A 14-year-old male with rhabdomyolysis associated with psychogenic polydipsia and hyponatremia
Article information
Abstract
Rhabdomyolysis associated with psychogenic polydipsia and hyponatremia is a rare condition that can cause substantial morbidity and mortality. We report a 14-year-old boy with psychogenic polydipsia who experienced recurrent hyponatremia and subsequent rhabdomyolysis. Treatment involved intravenous fluids and restriction of oral water intake. This case emphasizes the importance of early recognition and management of this condition. The possibility of rhabdomyolysis should be considered in patients with hyponatremia who have myalgia.
Introduction
Rhabdomyolysis is a potentially lethal condition characterized by rapid breakdown of the skeletal muscle tissue with leakage of toxic cellular contents into the bloodstream (1).

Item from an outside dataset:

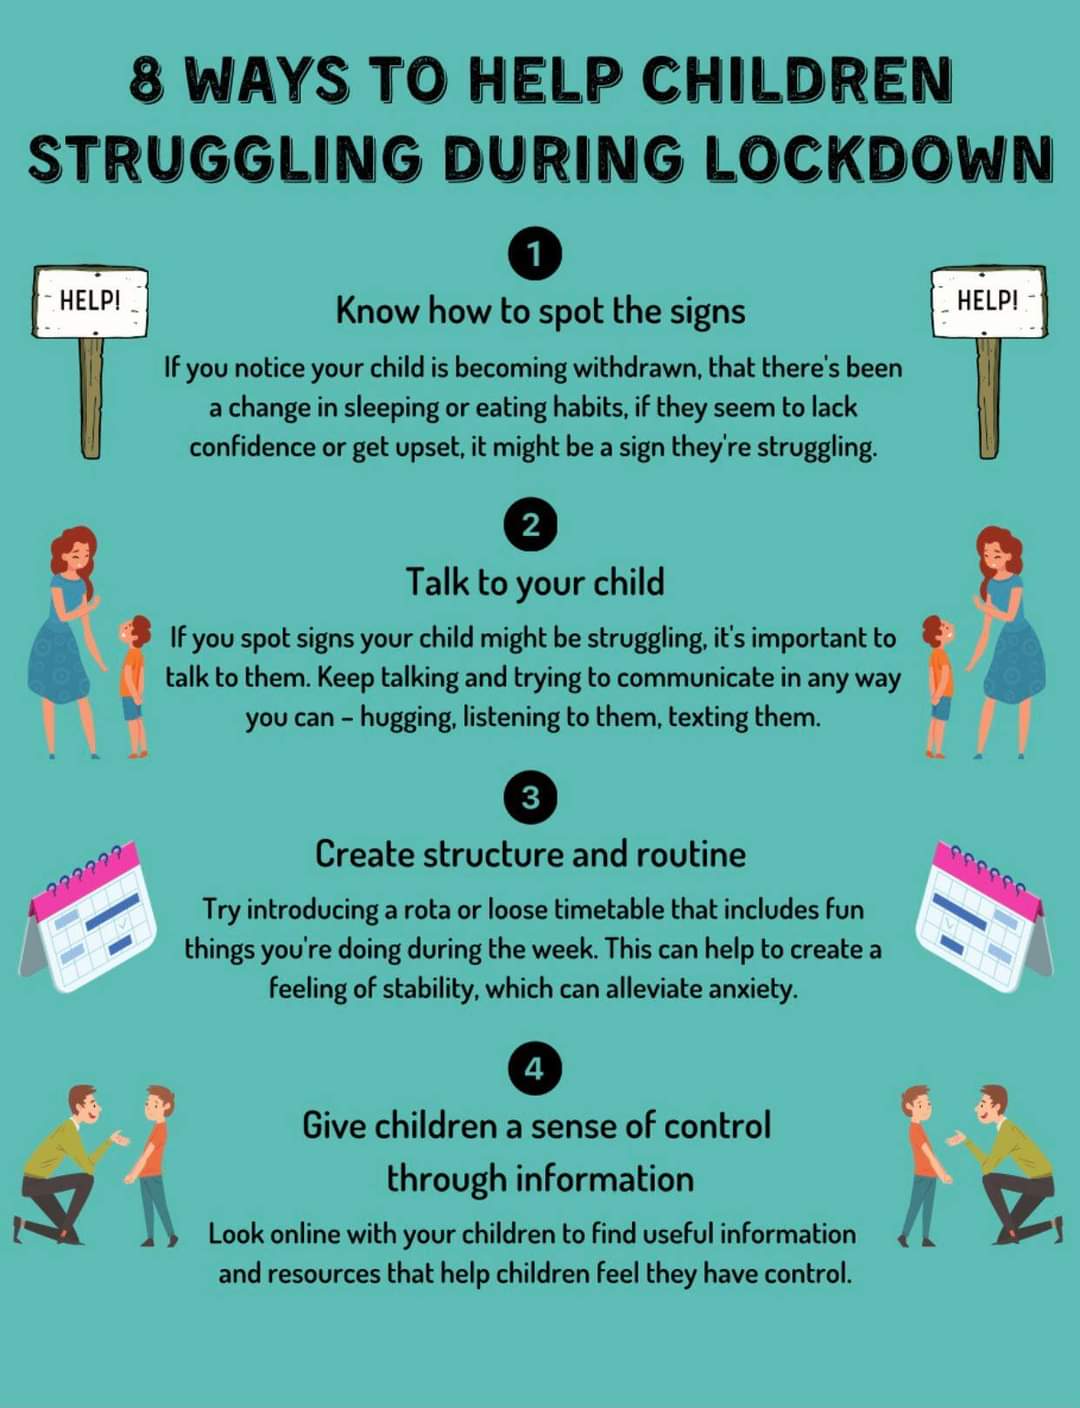 8 Ways to Help Children Struggling in Lockdown: 1 to 4

Primary polydipsia features the excessive intake of fluids unrelated to physiological needs and the excretion of a large amount of dilute urine. It has been most commonly described in patients with psychiatric disorders with a 6%-20% prevalence, hence the frequent use of the term psychogenic polydipsia (2). Presumed etiology is dysfunction of the thirst regulation mechanism in the brain (3). Twenty-five percent of psychogenic polydipsia incurs hyponatremia, which manifests nausea, headache, lethargy, seizure, and coma (4). We report a rare case of an adolescent boy with psychogenic polydipsia presenting with recurrent episodes of hyponatremia and subsequent rhabdomyolysis. This study was approved by the institutional review board of CHA Bundang Medical Center with a waiver for informed consent (IRB no. 2023-07-053).
Case
A 14-year-old boy visited the pediatric endocrinology clinic after experiencing polydipsia, a daily water intake of 5 L/day, for over 2 weeks. The boy had a body mass index of 37.4 kg/m2 (100th percentile), a height of 176 cm (92.9th percentile), and a weight of 116 kg (100th percentile). He had a known history of attention deficit hyperactivity disorder without taking medications. Otherwise, he had been previously healthy. The patient had a family history of diabetes mellitus. The findings of laboratory tests conducted at an outside hospital, 1 week prior to the visit at our clinic, were as follows: glucose, 83 mg/dL; hemoglobin A1c, 5.5%; sodium, 125 mEq/L; and no glucose and red blood cells on the urine. At that time, no treatment was performed against hyponatremia because he did not show any symptoms.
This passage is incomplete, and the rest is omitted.